1. I like dark meat chicken salad.  Go figure, an old friend of mine (a gay man) from extreme southwestern Georgia told me the women in his hometown gossiped about ladies who use dark meat in chicken salad. I can believe it.

2. I have limited variety in my shoe wardrobe and I hate white shoes. To be properly southern you must follow shoe color restrictions during certain seasons. It is considered very bad form to wear white shoes or certain articles of white clothing before Memorial Day or after Labor Day. Winter white is an exception, but there are additional rules for that. Patent leather shoes are another big deal. In my opinion, if you are in high school you are too old for patent leather shoes.

3.  I detest Euphemisms: no Southern lady ever farted, pooped or sweated. They “make smells”, “have a BM”, and “glow”. I find Midwesterners very refreshing in this regard. They call it like they smell it, hear it or see it. I married one.

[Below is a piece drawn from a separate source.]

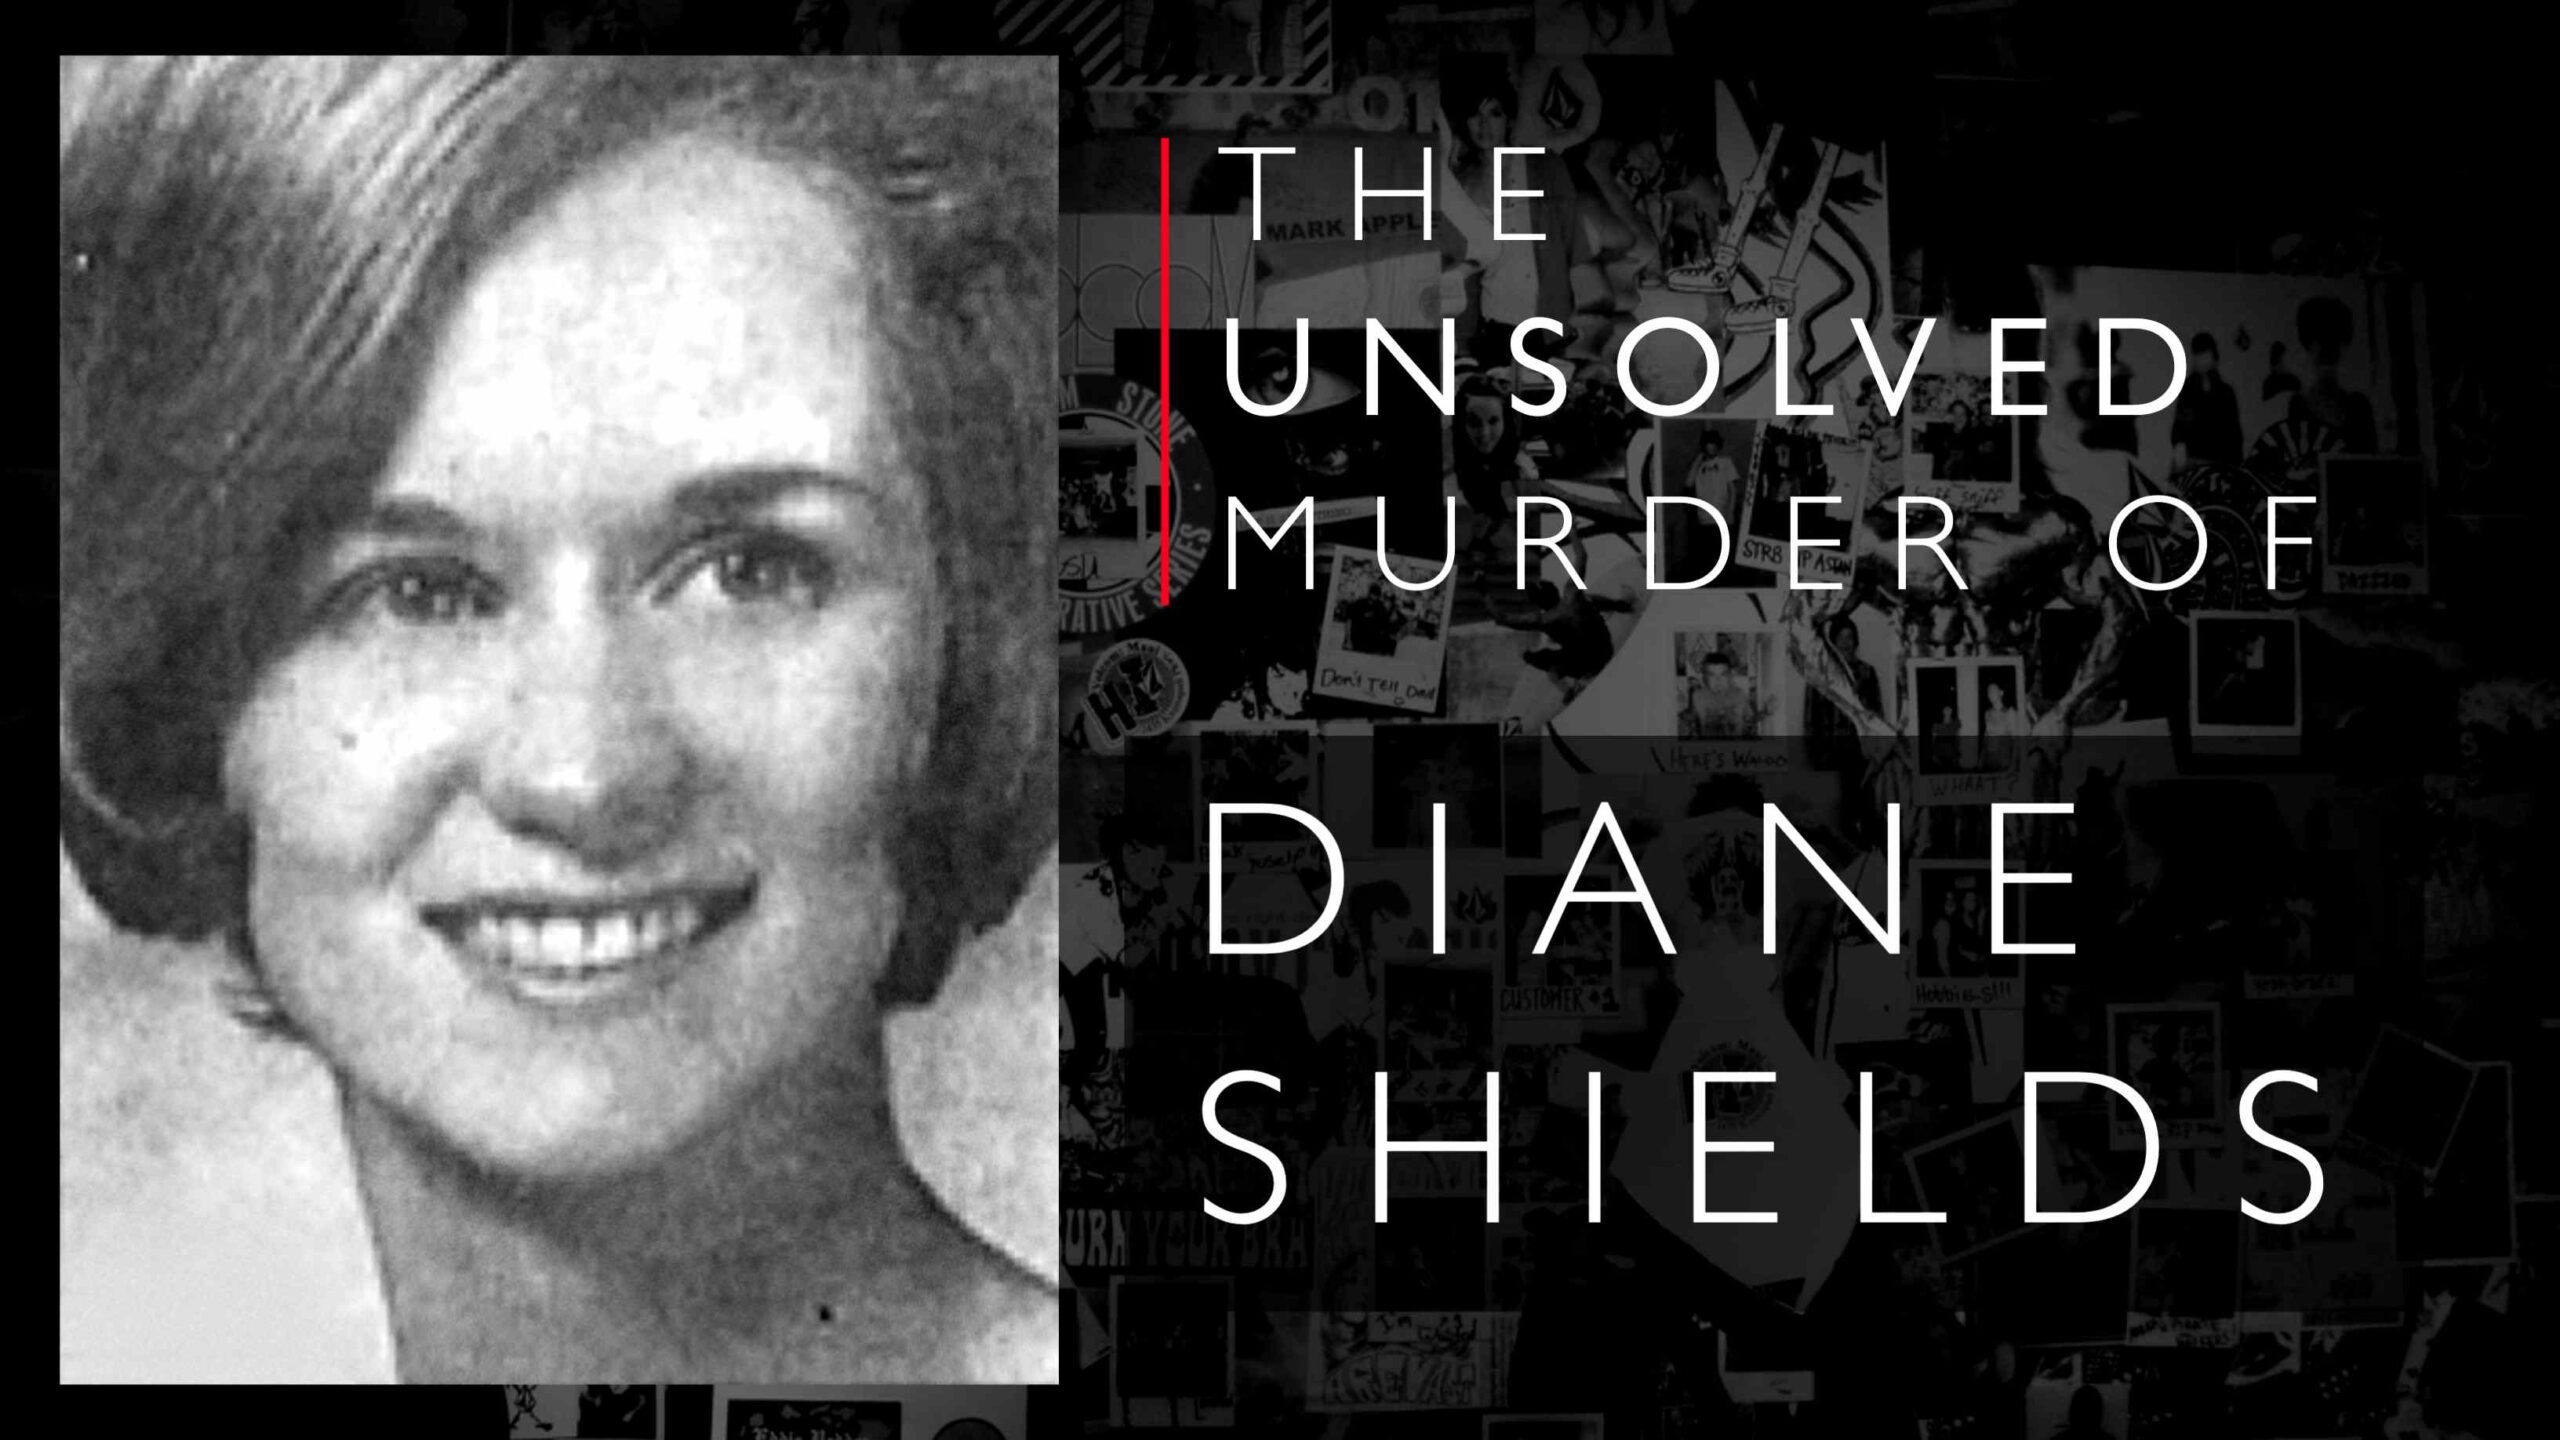 Diane Shields följde på några sätt i Mary Shotwell Little: s fotspår och hittades sedan mördad.

4.  I like wearing black to weddings, black is slimming. If you are truly a Belle there is no wearing of black to weddings,  with the exception of shoes and accessories, that is OK.  The inference (supposedly) is mourning of bride or groom’s mistake. Really, the little black dress should go everywhere.

5.  Vulgarity in many cases is amusing. Southern ladies say “Don’t be vulgar”why not? It’s fun.

6.  I enjoyed swimming as a teenager, but was told “Women of your breeding don’t go to the swimming pool”  I was always flummoxed  by this; especially since there was no air conditioning?

7.  I believe health problems should be recognized for what they are. We have no alcoholics or addicts; there is “hardening of the liver” or “a little problem” I have heard someone say “his liver is like a hockey puck” Colon cancer is not considered a topic for polite conversation.

8.  I am pretty certain all women go through menopause. Southern ladies just don’t admit it. I can remember seeing my mother sweating profusely in the middle of winter and asking her about it. “Nothing was wrong, Daddy had the thermostat set too high”, she said.  Then she told me it only took her one day to go through menopause and it was no problem. I am still choking on that one.

9. Not freezing at Easter; I think this is a good idea. A proper Belle breaks out and wears their spring clothes at Easter regardless of the weather. You would think this is where winter white would be a good idea. I think you have to stop wearing winter white before Easter. But I really never got the whole winter white thing.

10.  The best reason is the last. My father was from Connecticut. My mother explained Southerners should always marry Yankees to assure the viability  of the gene pool. It gave me a good reason to wear white in October and go to the swimming pool. My Yankee genes must be dominant.